Most recently, I suggested this approach to someone that just started working with me. The next day, she had a weekly pair programming session scheduled with her tech lead. She prepared her list of approaches, pros and cons, and an opinion of which to select. Later on, the tech lead let me know that it was the most productive pair programming session they’ve had. When I asked my new report to reflect on it, she had this to say: “I’ve always been told to prepare for pair programming sessions, but no one has ever explained what prepared could look like.”

This isn’t to say that this is how you should prepare for all pair programming sessions, because you’ll be at different stages of solving a problem. But if you’re just getting started working on a new problem, this is a great technique that helps you demonstrate how much thought you’ve invested already, and to validate what you’ve discovered.

Break it down

Now that you know how you’ll implement the solution, consider the components of that solution. Are there multiple pieces you’ll need to write? Could some of these even be shipped independently as their own PRs? Make sure to validate how you plan to break down the implementation with your mentor. They might be able to help you identify other components or dependencies you hadn’t thought of.

Keep it small

Break the problem down into the smallest components you can think of. The smaller each component is, the easier it’ll be to understand, develop and test. What’s more, small code changes are simpler and take less time to review. With large changes, reviewers might feel like they need to set time aside to get in the right headspace. With small changes, they might be able to jump in quickly without losing their flow. You’ll get feedback more quickly — win! Not only will you able to move more quickly, but you’ll also have less feedback to address before you can successfully ship.

Keep it testable

If you decide to ship separate PRs, keep in mind that these should still be whole. For instance, you could introduce a new backend method that the user interface will eventually use in another PR. That method must work independently which makes it a great candidate to separate. Automated tests should be delivered at the same time.

Break it down further

Finally, remember that programming is iterative. As you start implementing your solution, you might learn that some pieces can be broken down further. Should you break it down into even smaller pieces? Recently, a developer on my team discovered that an automated test she wanted to write required the previously existing code to be refactored in order to be tested. Since her PR already had test coverage and had been fully reviewed, she opted to implement the refactor and the automated test independently. As a result of separating that refactor into its own change, she was able to avoid revisiting the code she’d already implemented. She also reduced the amount of time her teammates needed to spend reviewing the same code. In the end, she was able to ship the refactor and new test more quickly and with higher confidence.

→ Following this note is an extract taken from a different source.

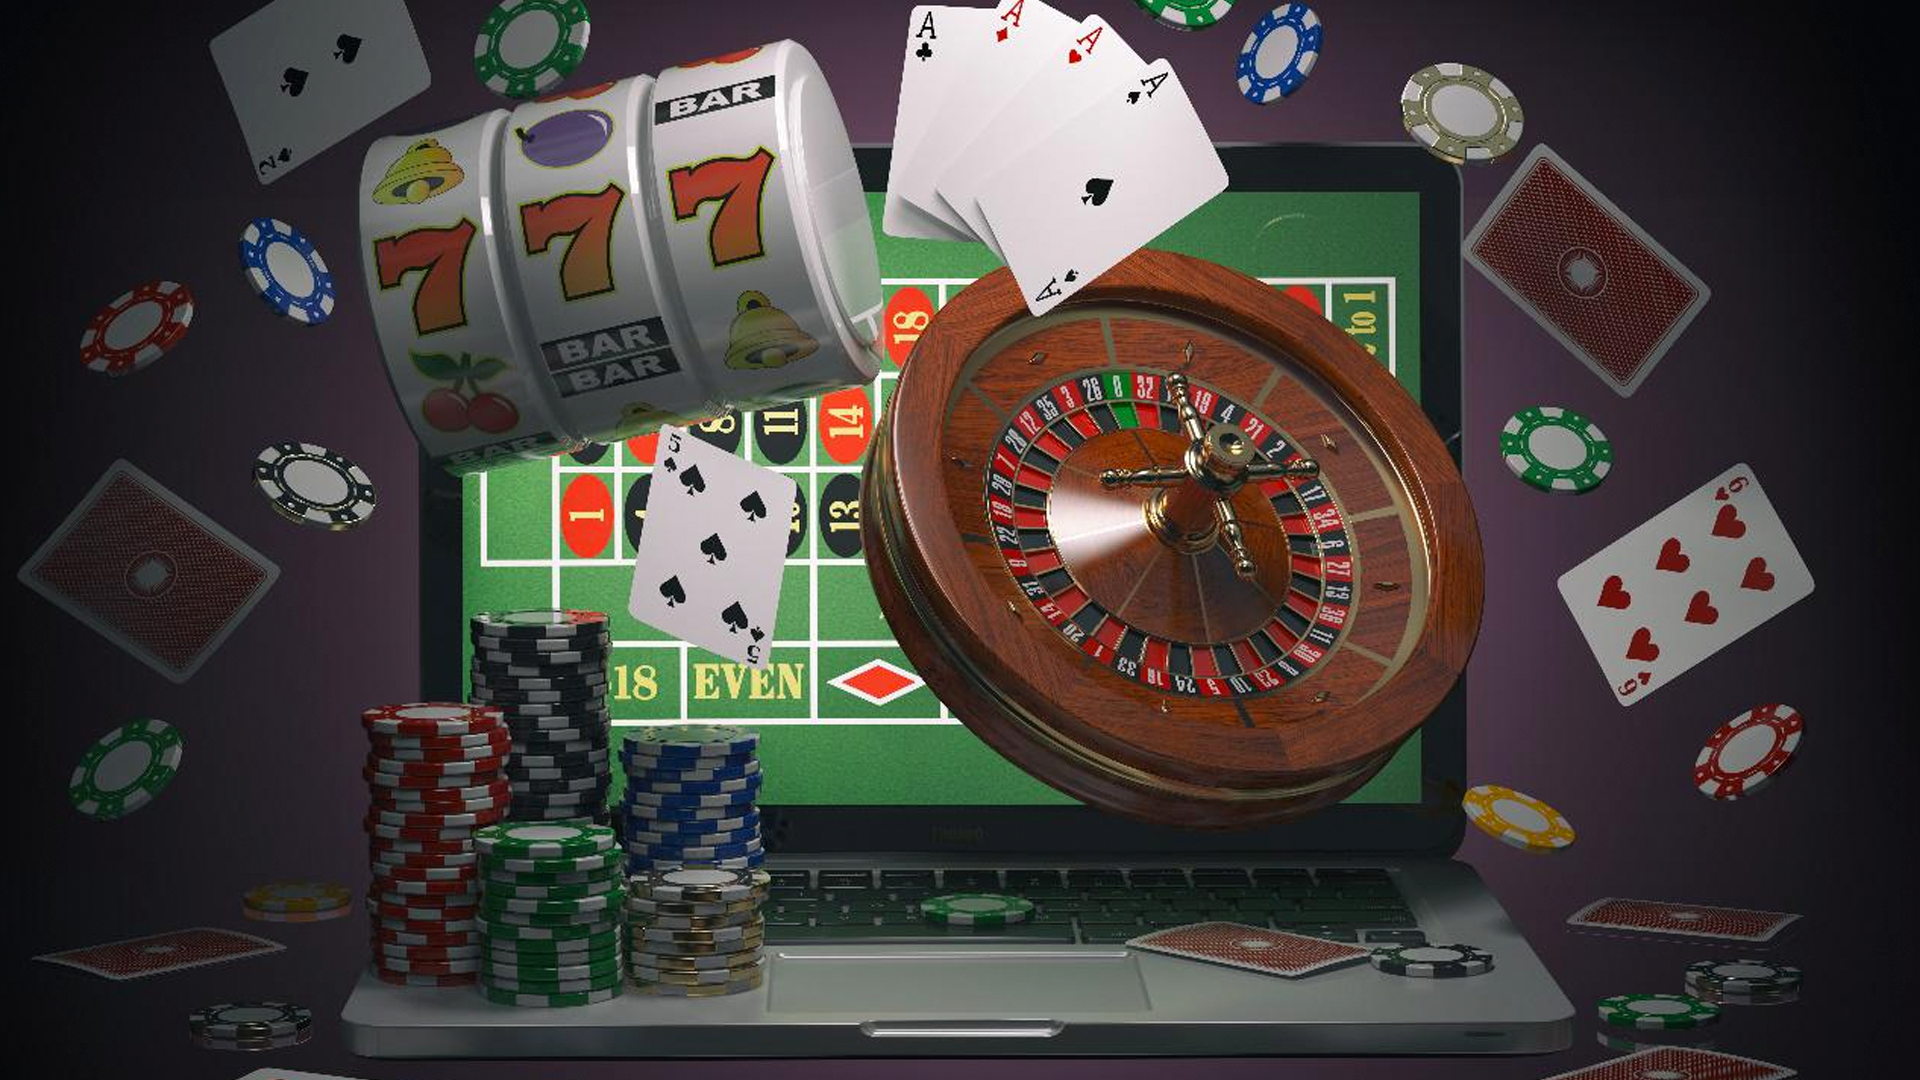 Casino Online Argentina Mercadopago es tu peor enemigo. 10 formas de derrotarlo

Pulling it all together: The workflow of a successful engineer

Remember, the true secret to increasing your impact is learning how to tackle a problem of any size and breaking it into manageable pieces that you can successfully solve. How will you start to tackle larger problems?

Whether you’re just starting your career as a software developer, or you’re experienced and looking for ways to better collaborate with your team and others, I hope you’ll take some time to think about how this could help you. What’s your ideal mental model? How can you improve communicating and soliciting feedback on your solution to a problem? Be adaptable, and think about how to best apply that approach successfully with your team’s existing tools and processes. What approaches do you use? Let me know in the comments!